Wine
See also: Ancient Greece and wineThe Greeks are thought to have made red as well as rosé and white wines. As at the present time, many qualities of production were to be found, from common table wine to vintage qualities. The best wines, in general opinion, came from Thásos, Lesbos and Chios. Cretan wine came to prominence later. A secondary wine made from water and pomace (the residue from squeezed grapes), mixed with lees, was made by country people for their own use. The Greeks sometimes sweetened their wine with honey and made medicinal wines by adding thyme, pennyroyal and other herbs. By the first century, if not before, they were familiar with wine flavoured with pine resin (modern retsina). Aelian also mentions a wine mixed with perfume. Cooked wine was known, as well as a sweet wine from Thásos, similar to port wine.
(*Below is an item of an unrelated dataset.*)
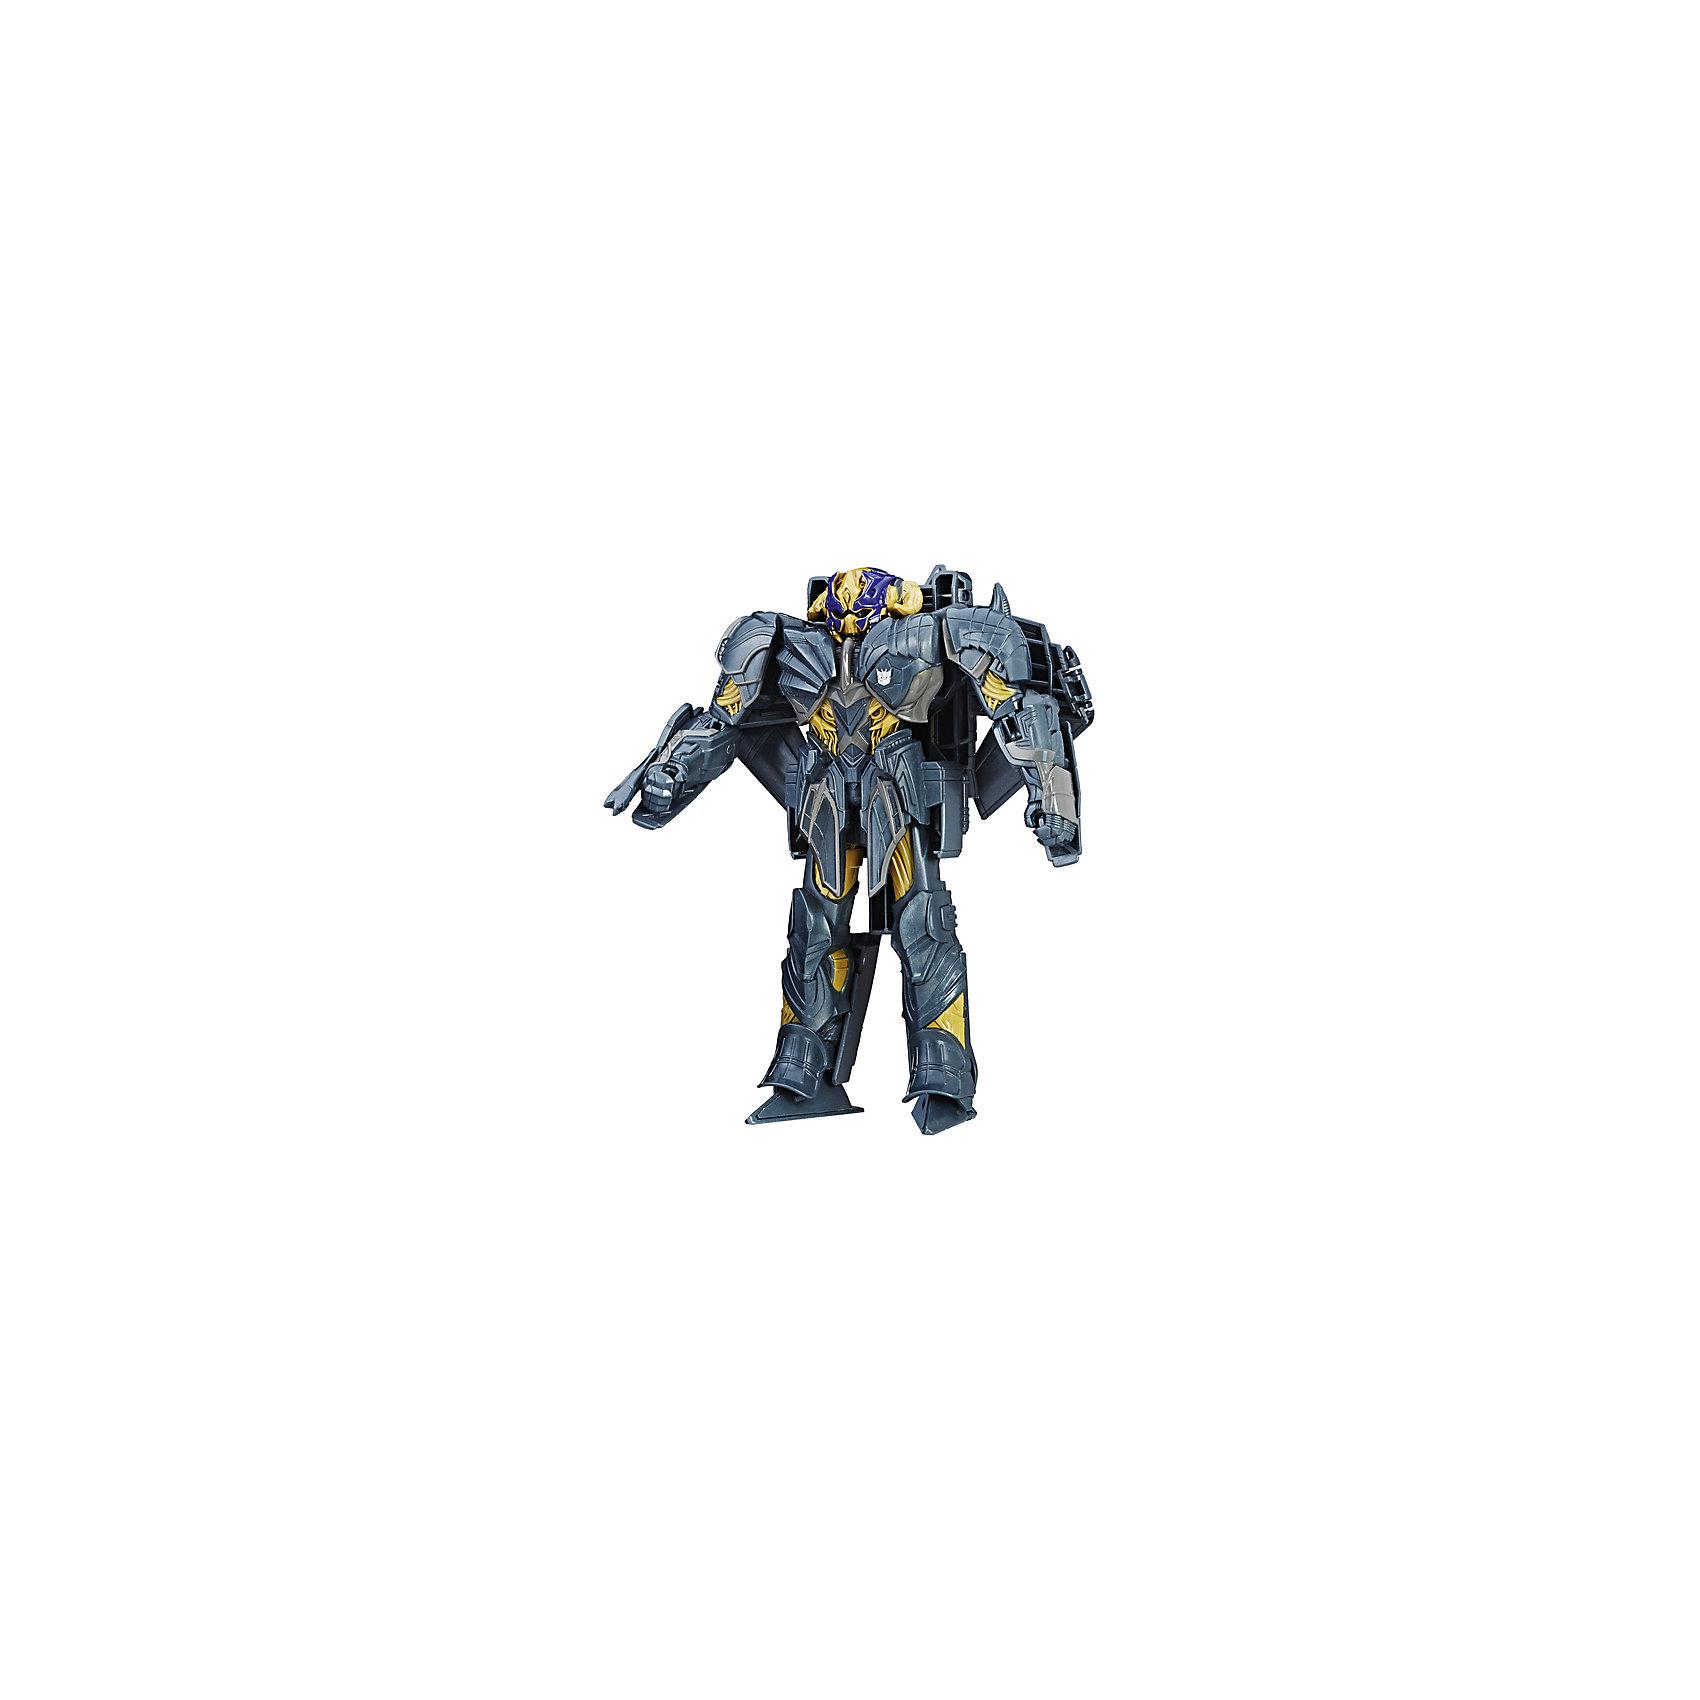 Трансформеры Hasbro Transformers 5 Войны, МегатронТрансформеры-игрушки<br><br><br>Ширина мм: 79<br>Глубина мм: 203<br>Высота мм: 254<br>Вес г: 250<br>Возраст от месяцев: 72<br>Возраст до месяцев: 2147483647<br>Пол: Мужской<br>Возраст: Детский<br>SKU: 7098830

Wine was generally cut with water. The drinking of akraton or "unmixed wine", though known to be practised by northern barbarians, was thought likely to lead to madness and death. Wine was mixed in a krater, from which the slaves would fill the drinker's kylix with an oinochoe (jugs). Wine was also used as a generic medication, being taken to have medicinal virtue. Aelian mentions that the wine from Heraia in Arcadia rendered men foolish but women fertile; conversely, Achaean wine was thought to induce abortion. Outside of these therapeutic uses, Greek society did not approve of women drinking wine; according to Aelian, a Massalian law prohibited this and restricted women to drinking water. Sparta was the only city where women routinely drank wine.
Wine reserved for local use was kept in skins. That destined for sale was poured into πίθοι pithoi, (large terra cotta jugs). From here they were decanted into amphoras sealed with pitch for retail sale. Vintage wines carried stamps from the producers and/or city magistrates who guaranteed their origin. This is one of the first instances of indicating the geographical or qualitative provenance of a product, and is the basis of the modern appellations d'origine contrôlées certification.